2.1.2 KEHILANGAN PANAS
Berbagai cara panas hilang dari kulit ke lingkungan dapat melalui beberapa cara yaitu: (1) Radiasi :
kehilangan panas dalam bentuk gelombang panas infra merah, suatu jenis gelombang
elektromagnetik. Dimana melalui cara ini tidak menggunakan sesuatu perantara apapun. Secara
umum enam puluh persen panas dilepas secara radiasi; (2) Konduksi : kehilangan panas melalui
permukaan tubuh ke benda-benda lain yang bersinggungan dengan tubuh, dimana terjadi
pemindahan panas secara langsung antara tubuh dengan objek pada suhu yang berbeda.
Dibandingkan dengan posisi berdiri, anak pada posisi tidur dengan permukaan kontak yang lebih luas
akan melepas panas lebih banyak melalui konduksi; (3) Konveksi : pemindahan panas melalui
pergerakan udara atau cairan yang menyelimuti permukaan kulit; (4) Evaporasi : kehilangan panas
tubuh sebagai akibat penguapan air melalui kulit dan paru-paru, dalam bentuk air yang diubah dari
bentuk cair menjadi gas; dan dalam jumlah yang sedikit dapat juga kehilangan panas melalui urine
dan feses.
Faktor fisik jelas akan mempengaruhi kemampuan respon perubahan suhu. Pelepasan panas pada
bayi sebagian besar disebabkan oleh karena permukaan tubuhnya lebih luas dari pada anak yang
lebih besar.
2.2 Konsep “Set-Point” dalam pengaturan suhu tubuh
Konsep “Set-Point” dalam pengaturan temperatur yaitu semua mekanisme pengaturan temperatur
yang terus-menerus berupaya untuk mengembalikan temperatur tubuh kembali ke tingkat “Set-
Point”. Set-point disebut juga tingkat temperatur krisis, yang apabila suhu tubuh seseorang
melampaui diatas set-point ini, maka kecepatan kehilangan panas lebih cepat dibandingkan dengan
produksi panas, begitu sebaliknya.

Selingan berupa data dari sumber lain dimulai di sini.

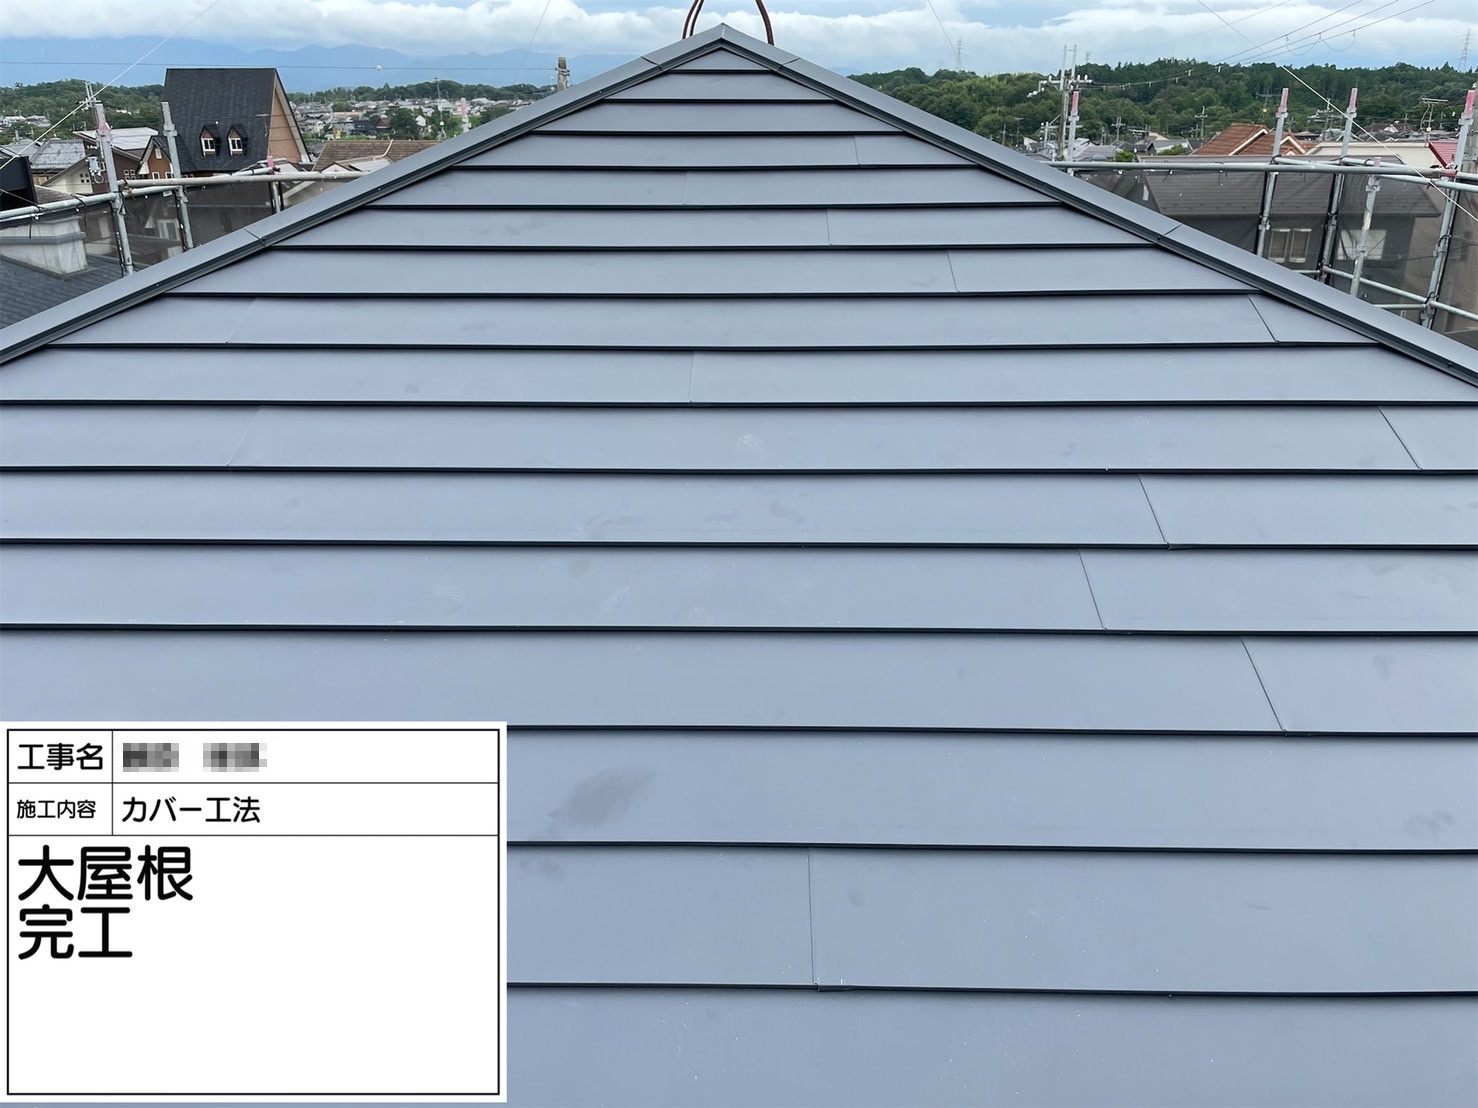 大阪府堺市にて屋根修理〈スレート屋根カバー工法〉 施工後

Sehingga suhu tubuhnya kembali ke tingkat set-point. Jadi suhu
tubuh dikendalikan untuk mendekati nilai set-point.
2.3 Peranan Hipotalamus dalam pengaturan suhu tubuh.
Suhu tubuh diatur hampir seluruhnya oleh mekanisme persarafan umpan balik, dan hampir semua
mekanisme ini terjadi melalui pusat pengaturan suhu yang terletak pada area preoptik hipotalamus
anterior
Telah dilakukan percobaan pemanasan dan pendinginan pada suatu area kecil di otak dengan
menggunakan apa yang disebut dengan thermode. Alat ini dipanaskan dengan elektrik atau dialirkan
air panas, atau didinginkan dengan air dingin. Dengan menggunakan thermode, area preoptik
hipotalamus anterior diketahui mengandung sejumlah besar neuron yang sensitif terhadap panas dan
dingin. Neuron-neuron ini diyakini berfungsi sebagai sensor suhu untuk mengontrol suhu tubuh.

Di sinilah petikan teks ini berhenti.